平日里总是含着戏谑的眼眸此刻涣散无神,待看清眼前的人时,才轻轻唤了一声。
“小雀儿?”
沈惊雀一言不发,手指直奔他左肩的衣襟。
“你干什么。”容璟抬手去挡,“别碰,脏。”
沈惊雀一巴掌拍开他的手。
“再动我就跟你绝交!”
玄色的锦袍早已被血水浸透,布料贴合在皮肉上,已经黏连了。
她咬紧牙关,捏住领口,狠下心用力一撕。
衣袍褪下,沈惊雀的呼吸顿住了。
那是一道深可见骨的血窟窿。
翻卷的皮肉被反复摩擦撕裂,边缘已经泛起了一层不正常的惨白,隐隐透着溃烂之色。
寻常人受了这样重的伤,莫说干活,只怕早就疼晕死过去了。
“你是不是疯了?”沈惊雀的声音控制不住的颤抖,“这么深的伤口你一声不吭,当自己是铁打的吗?”

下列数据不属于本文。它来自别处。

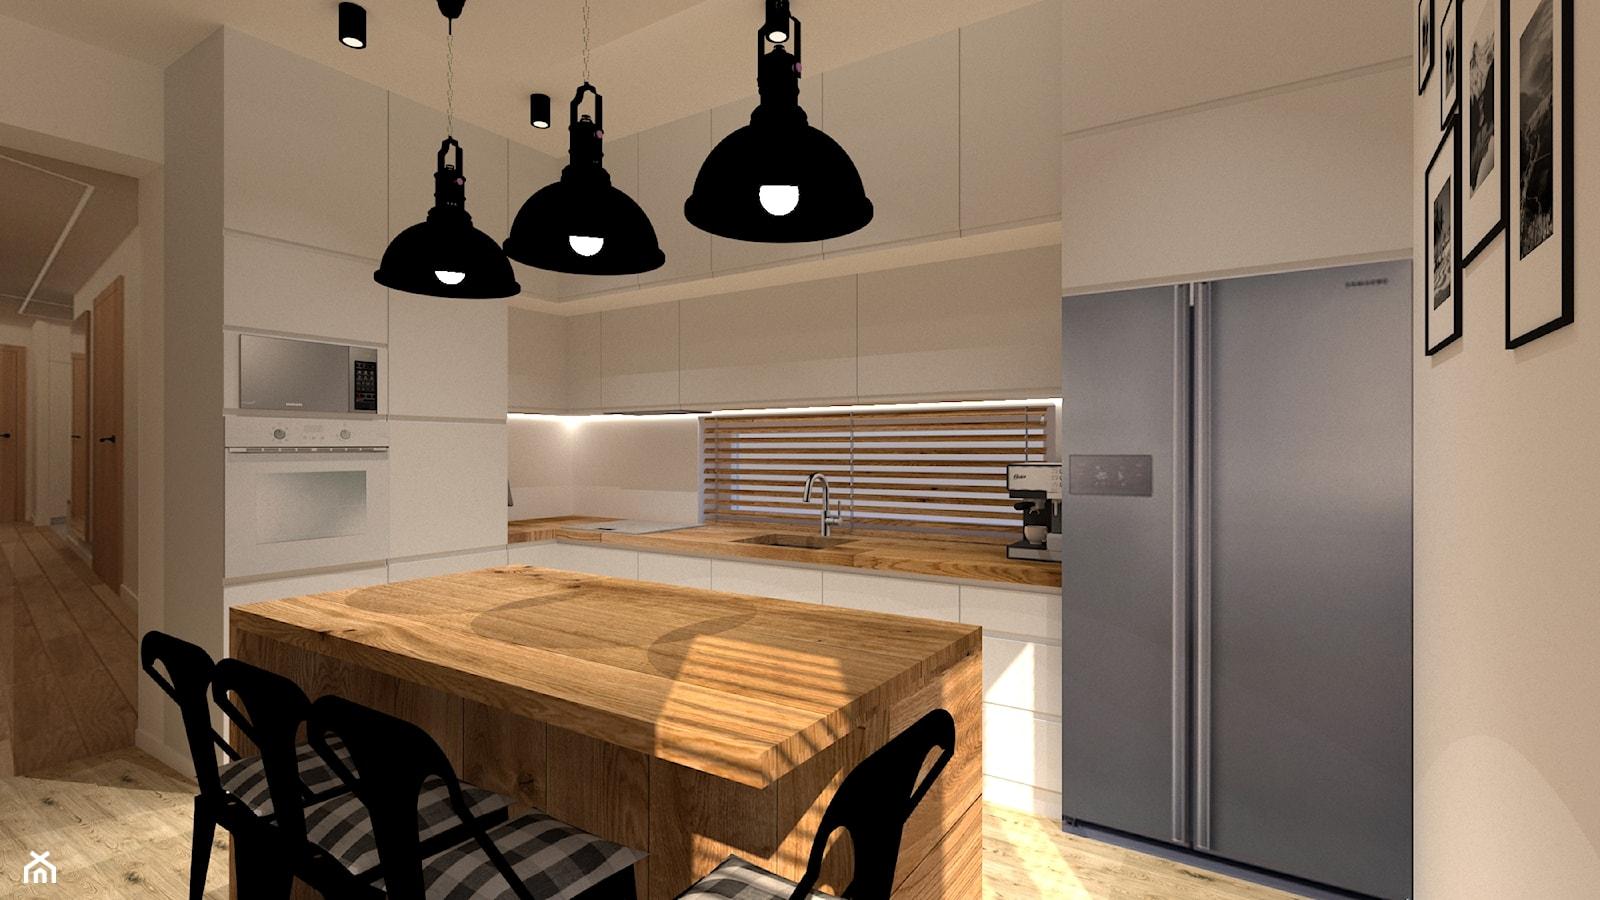 Kuchnia loft - Duża otwarta beżowa kuchnia w kształcie litery l z wyspą z oknem, styl nowoczesny - zdjęcie od MILARTO - Homebook

容璟顺着她的视线低下头,看了一眼自己血肉模糊的肩膀。
眼中透出几分茫然的神色。
“啊……原来流了这么多血吗?我说怎么总是犯困。”
他抬起眸子,浅淡一笑:“别怕,不痛的。”
沈惊雀默了默,冷着脸在腰间的小兜里翻找止血的金疮药,心里却像被丢进了酸水缸里反复揉搓。
这人连撒谎都不会,伤成这样,怎么可能不痛?
她拔开瓷瓶的塞子,将药粉尽数倾倒在那外翻的皮肉上。
这金疮药是姬千殇配的,药效霸道得很。
可用在伤口上,也痛得很霸道。
就该让他好好痛一痛,长长记性。
看他还逞强!
可她抬头看向容璟的脸,却发现这人连眉头都不曾皱一下。
眼神平静得像一汪死水,仿佛这具身体不是他的。
“真不疼?”
沈惊雀拿着药瓶的手僵在半空。
容璟虚弱地笑了一声,重新靠回沙土包上。
“我……早就没有痛觉了。”
沈惊雀心口堵得发慌。
“为什么会这样?是什么时候开始的?”
容璟仰起头,望向夜空中被乌云遮住半边的冷月,似是在认真思索。
“记不太清了。”
他顿了顿,声音轻得像一阵风。
“大概是有一次受伤,整条左臂几乎被人卸下来。”
“被师父刨出来的时候,我已经快没有知觉了。”
“后来等我再醒过来,就发现自己没有痛觉了。”
他说完,偏过头看向沈惊雀,眼底倒映着她眸光里一闪而过的疼惜。
“没事的。”他弯了弯唇角,“不怕痛,也挺好的。”
“好什么好!”沈惊雀拔高了音量,眼眶有些发热。
“不怕痛,你就不知道自己受伤了。”
“伤口裂开你不知道,血流干了你也不知道,就像今天这样,你会死的!”
容璟看着她泛红的眼尾,眸色深了几分。
他缓缓抬起未受伤的右手,指尖微蜷,似是想去触碰她的脸颊。
可就在离她脸侧不过半寸的地方停住了。
那双手上沾染着泥污和血迹。
污秽的手,怎么能心安理得的触碰白雪呢。
他终是无声地将手收回。
“小雀儿不想我死吗?”
沈惊雀面上镇定,将药瓶的塞子用力按紧,心里却因他那个收回手的动作生出几分难言的闷堵。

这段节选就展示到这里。